Panini hat bei uns nach und nach, teilweise auch übergroß im Hardcover-Format, die von Millar getexteten Comics veröffentlicht, doch American Jesus war bisher nicht darunter. Dies dürfte weniger am kontroversen Inhalt liegen, denn der Katholik Millar geht recht respektvoll mit den religiösen Aspekten der Story um.
Es ist eher zu vermuten, dass die oft etwas unbeholfen wirkende Grafik von Peter Gross (The Unwritten, Das Puppenhaus) gegen die Serie sprach.

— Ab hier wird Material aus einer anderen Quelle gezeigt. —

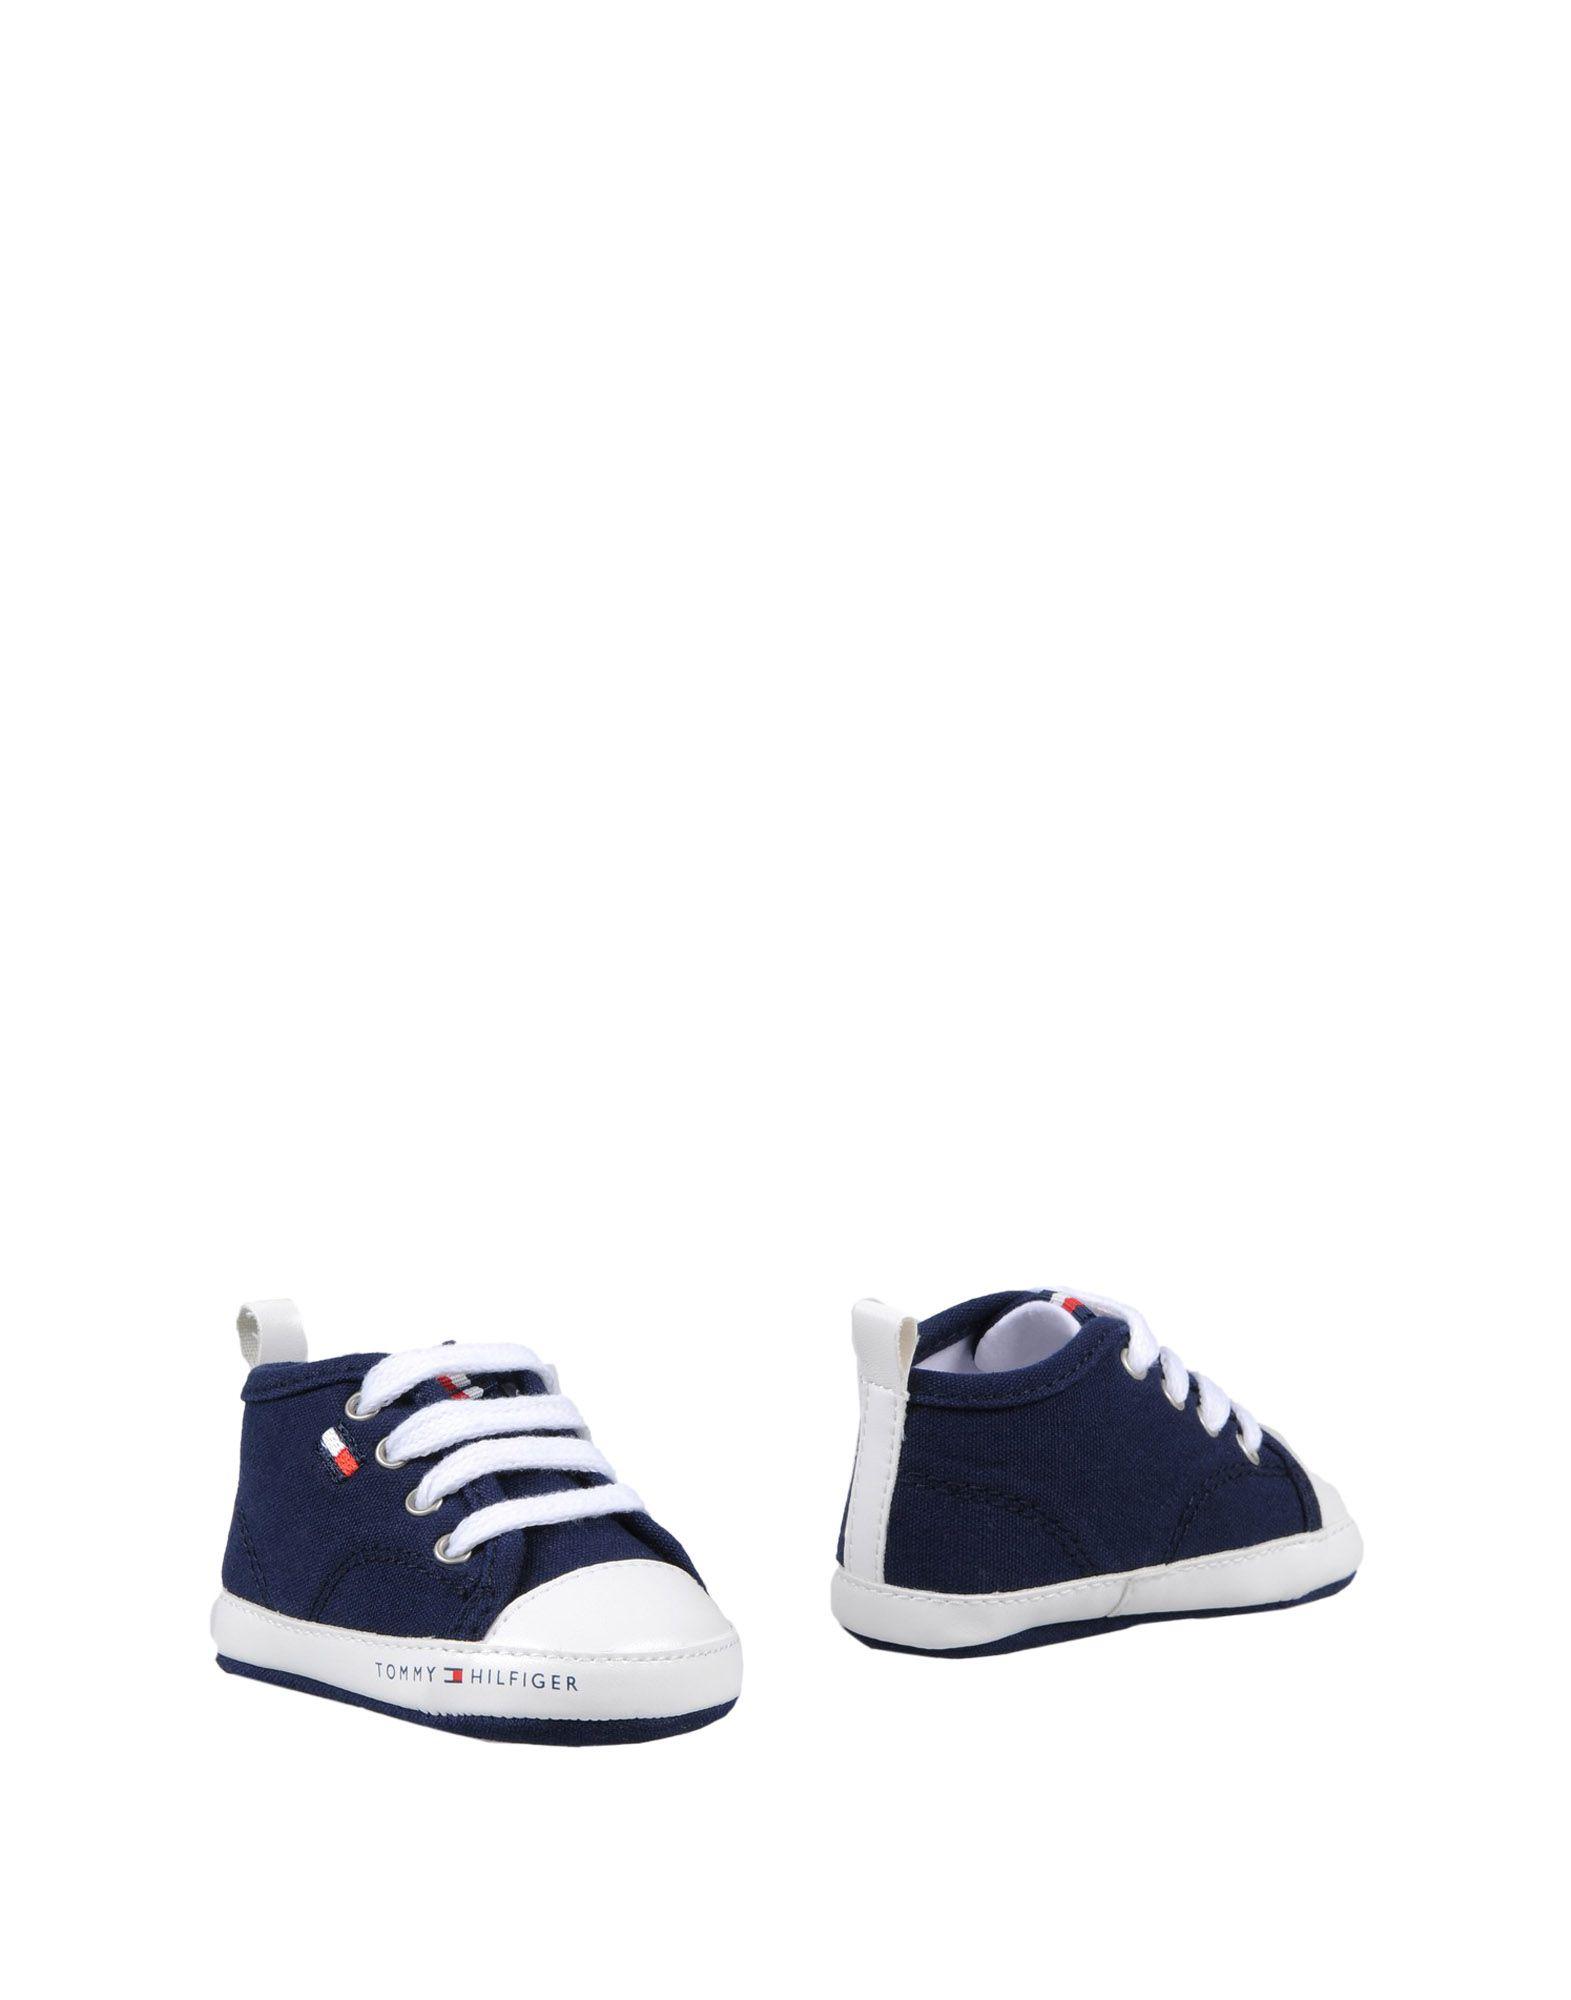 TOMMY HILFIGER Обувь для новорожденных littleones® обувь для новорожденных

The New Messias ist der Mittelteil einer Trilogie und beginnt in den 70er-Jahren in Harlem. Dort ist die 14-jährige Jungfrau Luciana Cortez plötzlich schwanger. Die junge Frau und ihr Freund Eddie flüchten nach Waco, Texas zu einer Gruppe religiöser Fanatiker. Dort bringt Luciana ihre Tochter Catalina zur Welt, die über spezielle Fähigkeiten verfügt und aus der erdrückenden Enge der Sekte flüchtet…
Insgesamt wirkt der 16 Jahre später entstandene zweite Teil von American Jesus erzählerisch und optisch runder. Das Artwork von Peter Gross ist deutlich gereift, obwohl der Zeichner an einem Handtremor litt und auf digitales Arbeiten umsteigen musste.
Auch der dritte Teil Die Offenbarung (Revelation) besteht wieder aus drei US-Heften. Diese Miniserie wurde 2022 gestartet und liegt mittlerweile bei Image und auch bei uns als Gesamtausgabe vor, die als Bonus wieder ein interessantes Gespräch zwischen Millar und Gross enthält. Es sei gespoilert, dass der Zeichner vom Ende der Story ganz schön überrascht war.
Erwartungsgemäß kommt es zum Showdown. Doch bevor Catalina auf Jodie trifft, rechnet sie noch mit den herrschenden Zuständen ab. Hier überrascht, dass der Katholik Millar– genau wie zuvor schon in King of Spies – alles andere als pfleglich mit dem Papst umgeht.
Nach knapp zwei Jahrzehnten beendet Millar seine Serie originell, konsequent und rechtzeitig zum demnächst auf Netflix anstehenden Start der in Mexiko gedrehten Serien-Adaption, die bei uns den Titel Der Auserwählte tragen wird.